In the current study jointly led by Prof. Desai and Prof. Hiroshi Ohno from the RIKEN Centre for Integrative Medical Sciences, the aim was to better understand links between the microbiome and extra-intestinal ADs, most notably: multiple sclerosis (MS), rheumatoid arthritis, type I diabetes and systematic lupus erythematosus (lupus). It has already been shown that individuals suffering with extra-intestinal ADs show distinctive changes in the composition of their gut flora compared to those of healthy individuals, so the researchers specifically focused on uncovering how these changes could affect the functionality of immune cells related to ADs.

Based on their own work and existing literature, the team identified potentially important links between increases or decreases in certain microbial populations within the gut, and the levels and locations of key immune cells in the body linked to inflammation. For example, it was found that patients with MS tend to have higher levels of certain T-cells (white blood cells that attack specific foreign particles) in the blood and cerebrospinal fluid, and other types with a decreased anti-inflammatory activity. An increased abundance of these cells was found in mice whose guts were exclusively populated with a bacterium called Candidatus Savagella, appearing to exacerbate conditions such as lupus, arthritis and a model of MS known as experimental autoimmune encephalomyelitis.

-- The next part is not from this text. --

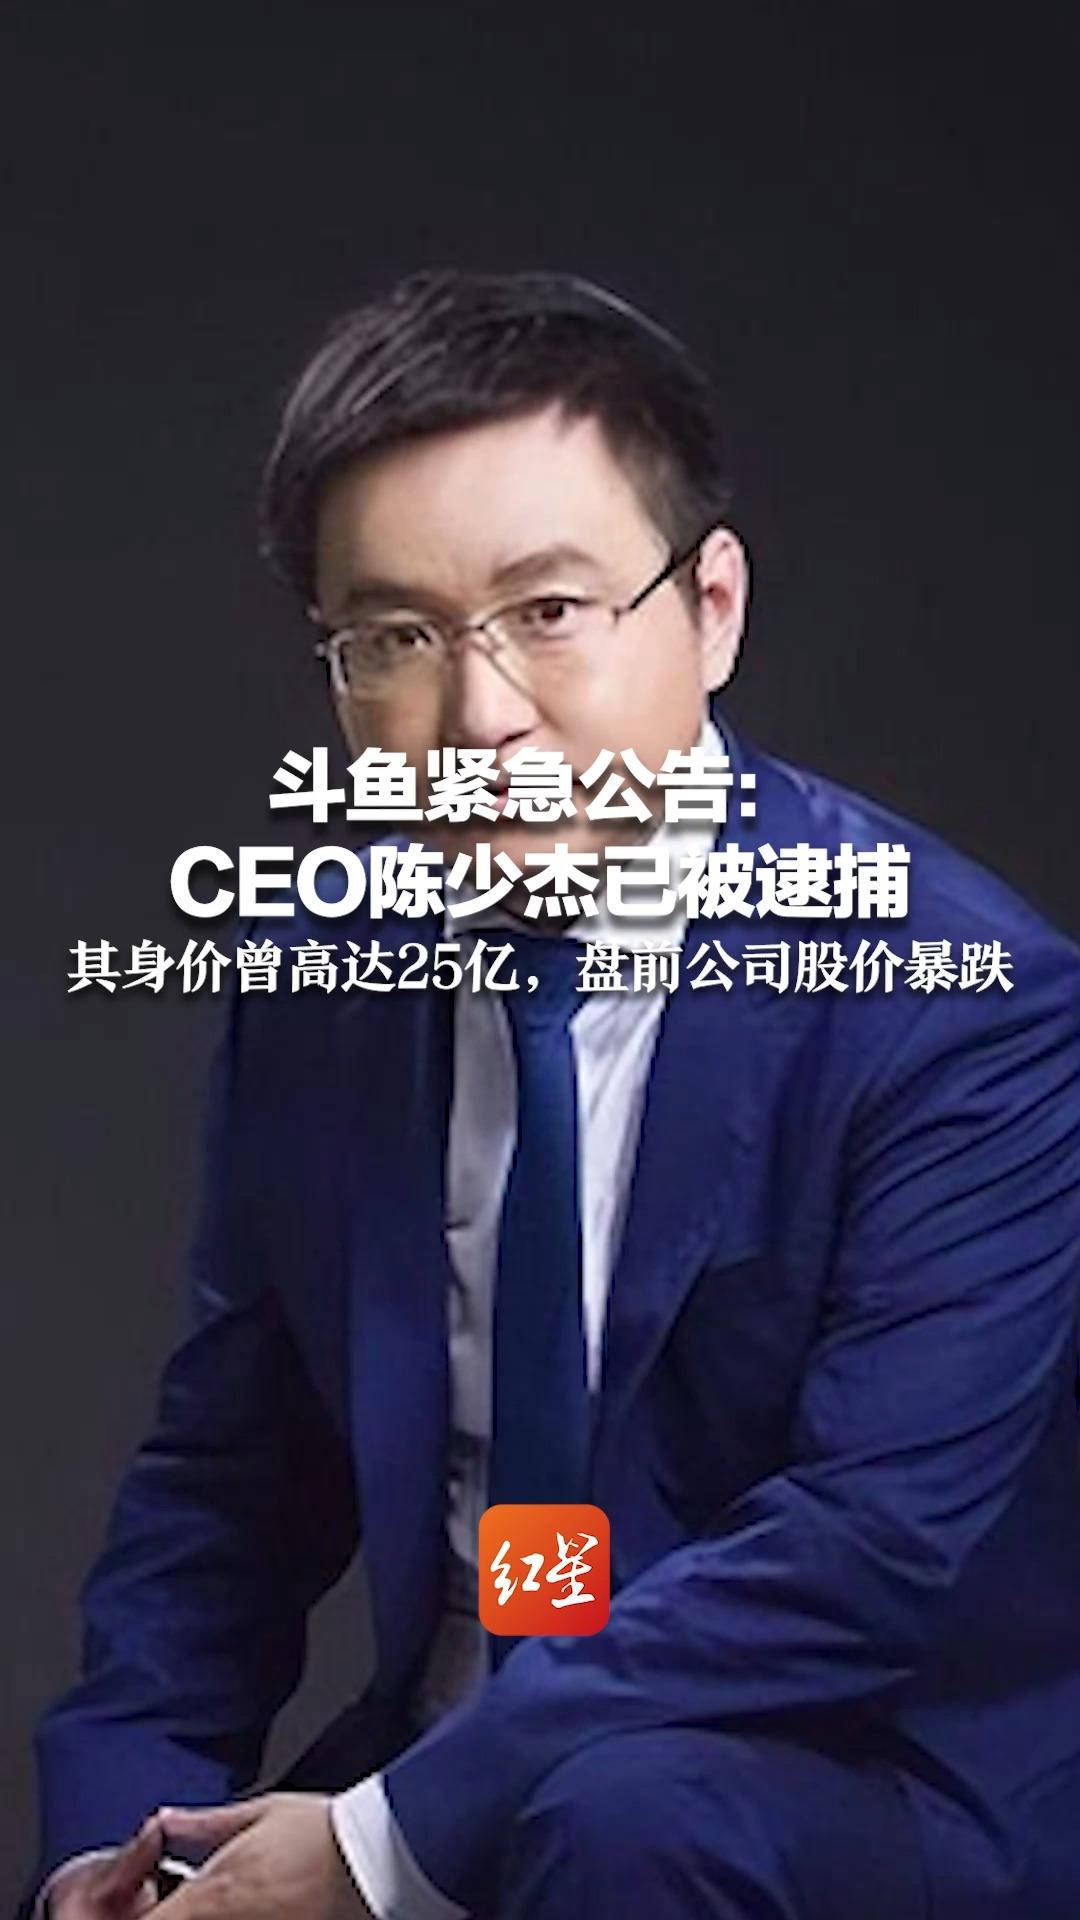 斗鱼紧急公告：CEO陈少杰已被逮捕 ，其身价曾高达25亿，盘前公司股价暴跌

However, two main unresolved questions pose a barrier to this approach. The first is the question of the nature of the “targeted manipulation” that would be the best option for the benefit of a given patient; and the second question is whether and how such manipulations could or should be personalised with respect to their design and execution,

warns Prof. Desai.

There is no doubt that the future of healthcare is quickly turning towards a more personalised approach, and this is all important when one considers that our guts contain a unique ecological fingerprint for each and every one of us. It may be therefore, that as studies continue and our data grows, we can begin to narrow down therapeutic options in a way that cares for both you and your personal entourage of microscopic companions.